§ **Task directions**
All of the records must be set down again word for word.

§ **Excerpted data**
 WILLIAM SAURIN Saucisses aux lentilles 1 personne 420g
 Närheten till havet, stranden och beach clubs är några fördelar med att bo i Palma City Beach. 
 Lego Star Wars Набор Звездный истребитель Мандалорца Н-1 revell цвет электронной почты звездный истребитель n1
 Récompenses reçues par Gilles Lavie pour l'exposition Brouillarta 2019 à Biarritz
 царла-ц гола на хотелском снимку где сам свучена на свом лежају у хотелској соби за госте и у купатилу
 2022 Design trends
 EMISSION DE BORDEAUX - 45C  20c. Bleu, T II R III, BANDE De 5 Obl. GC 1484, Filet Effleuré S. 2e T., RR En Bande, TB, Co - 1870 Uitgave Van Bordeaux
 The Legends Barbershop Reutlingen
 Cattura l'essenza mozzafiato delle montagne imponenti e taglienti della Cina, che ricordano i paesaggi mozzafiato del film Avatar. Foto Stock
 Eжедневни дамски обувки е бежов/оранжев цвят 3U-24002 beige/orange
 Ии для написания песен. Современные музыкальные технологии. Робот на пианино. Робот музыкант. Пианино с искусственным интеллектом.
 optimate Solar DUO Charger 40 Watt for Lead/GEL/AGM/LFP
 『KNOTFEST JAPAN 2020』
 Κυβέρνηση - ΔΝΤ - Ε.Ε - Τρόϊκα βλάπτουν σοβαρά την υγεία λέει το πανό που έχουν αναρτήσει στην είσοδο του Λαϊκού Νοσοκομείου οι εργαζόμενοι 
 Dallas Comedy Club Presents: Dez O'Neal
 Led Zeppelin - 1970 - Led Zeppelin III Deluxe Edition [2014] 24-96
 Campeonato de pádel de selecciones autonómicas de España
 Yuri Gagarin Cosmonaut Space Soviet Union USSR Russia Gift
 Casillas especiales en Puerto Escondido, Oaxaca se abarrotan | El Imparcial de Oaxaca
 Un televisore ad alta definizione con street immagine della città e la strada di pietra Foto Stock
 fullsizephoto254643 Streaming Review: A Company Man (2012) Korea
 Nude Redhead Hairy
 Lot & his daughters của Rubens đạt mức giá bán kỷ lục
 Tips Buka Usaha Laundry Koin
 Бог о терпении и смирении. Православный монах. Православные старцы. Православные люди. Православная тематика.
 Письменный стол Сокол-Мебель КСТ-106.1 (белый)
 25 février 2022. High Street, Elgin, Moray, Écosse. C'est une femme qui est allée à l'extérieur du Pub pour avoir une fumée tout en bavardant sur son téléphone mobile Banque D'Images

§ **Solved problem**
 WILLIAM SAURIN Saucisses aux lentilles 1 personne 420g
 Närheten till havet, stranden och beach clubs är några fördelar med att bo i Palma City Beach. 
 Lego Star Wars Набор Звездный истребитель Мандалорца Н-1 revell цвет электронной почты звездный истребитель n1
 Récompenses reçues par Gilles Lavie pour l'exposition Brouillarta 2019 à Biarritz
 царла-ц гола на хотелском снимку где сам свучена на свом лежају у хотелској соби за госте и у купатилу
 2022 Design trends
 EMISSION DE BORDEAUX - 45C  20c. Bleu, T II R III, BANDE De 5 Obl. GC 1484, Filet Effleuré S. 2e T., RR En Bande, TB, Co - 1870 Uitgave Van Bordeaux
 The Legends Barbershop Reutlingen
 Cattura l'essenza mozzafiato delle montagne imponenti e taglienti della Cina, che ricordano i paesaggi mozzafiato del film Avatar. Foto Stock
 Eжедневни дамски обувки е бежов/оранжев цвят 3U-24002 beige/orange
 Ии для написания песен. Современные музыкальные технологии. Робот на пианино. Робот музыкант. Пианино с искусственным интеллектом.
 optimate Solar DUO Charger 40 Watt for Lead/GEL/AGM/LFP
 『KNOTFEST JAPAN 2020』
 Κυβέρνηση - ΔΝΤ - Ε.Ε - Τρόϊκα βλάπτουν σοβαρά την υγεία λέει το πανό που έχουν αναρτήσει στην είσοδο του Λαϊκού Νοσοκομείου οι εργαζόμενοι 
 Dallas Comedy Club Presents: Dez O'Neal
 Led Zeppelin - 1970 - Led Zeppelin III Deluxe Edition [2014] 24-96
 Campeonato de pádel de selecciones autonómicas de España
 Yuri Gagarin Cosmonaut Space Soviet Union USSR Russia Gift
 Casillas especiales en Puerto Escondido, Oaxaca se abarrotan | El Imparcial de Oaxaca
 Un televisore ad alta definizione con street immagine della città e la strada di pietra Foto Stock
 fullsizephoto254643 Streaming Review: A Company Man (2012) Korea
 Nude Redhead Hairy
 Lot & his daughters của Rubens đạt mức giá bán kỷ lục
 Tips Buka Usaha Laundry Koin
 Бог о терпении и смирении. Православный монах. Православные старцы. Православные люди. Православная тематика.
 Письменный стол Сокол-Мебель КСТ-106.1 (белый)
 25 février 2022. High Street, Elgin, Moray, Écosse. C'est une femme qui est allée à l'extérieur du Pub pour avoir une fumée tout en bavardant sur son téléphone mobile Banque D'Images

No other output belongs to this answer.